Kamachi H, Okita T, Yamasaki T, Naito T
Bristol-Myers Research Institute, Ltd., Tokyo Research Center, Japan.
J Antibiot (Tokyo). 1990 Jul;43(7):820-9. doi: 10.7164/antibiotics.43.820.

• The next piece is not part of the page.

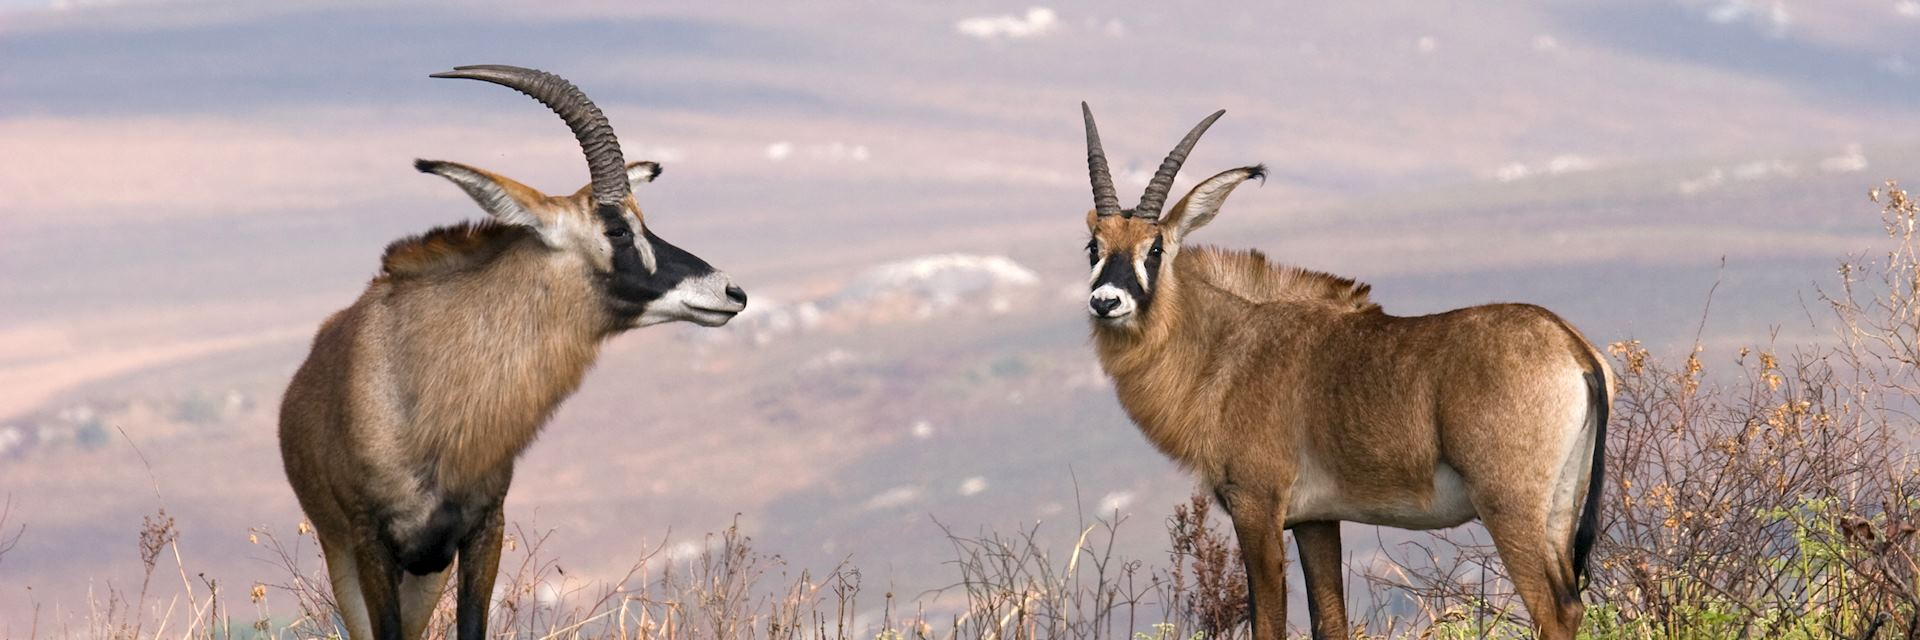 Roan antelope, Nyika Plateau in Malawi

A novel direct introduction of a formamido group into the 7 alpha (6 alpha)-position of cephalosporins (penicillins) was achieved by treatment of 7 beta (6 beta)-[(3,5-di-tert-butyl-4-oxo-2,5-cyclohexadien-1- ylidene)methylimino]cephem (penam) esters with N,N-bis(trimethylsilyl)formamide, followed by deblocking with Girard reagent T to give the corresponding 7 alpha (6 alpha)-formamido-7 beta (6 beta)-amino derivatives. Three 7 alpha-formamidocephalosporins were prepared by the conventional N-acylation of 7 alpha-formamidocephem. All of them were resistant to beta-lactamases, showing similar MIC values against both of a pair of a beta-lactamase-producing strain and the corresponding non or low-producing strain of the same species of bacteria, when tested on Staphylococcus aureus, Klebsiella pneumoniae, Escherichia coli, Proteus mirabilis, Proteus vulgaris, Morganella morganii, Enterobacter cloacae and Citrobacter freundii.
通过用N,N-双(三甲基硅基)甲酰胺处理7β(6β)-[(3,5-二叔丁基-4-氧代-2,5-环己二烯-1-亚基)甲基亚氨基]头孢烯(青霉烯)酯,然后用吉拉德试剂T脱保护,实现了将甲酰胺基新颖地直接引入头孢菌素(青霉素)的7α(6α)位,得到相应的7α(6α)-甲酰胺基-7β(6β)-氨基衍生物。通过7α-甲酰胺基头孢烯的常规N-酰化反应制备了三种7α-甲酰胺基头孢菌素。当在金黄色葡萄球菌、肺炎克雷伯菌、大肠杆菌、奇异变形杆菌、普通变形杆菌、摩根氏摩根菌、阴沟肠杆菌和弗氏柠檬酸杆菌上进行测试时,它们均对β-内酰胺酶具有抗性,对一对产β-内酰胺酶菌株和同一细菌物种相应的非产或低产菌株显示出相似的最低抑菌浓度值。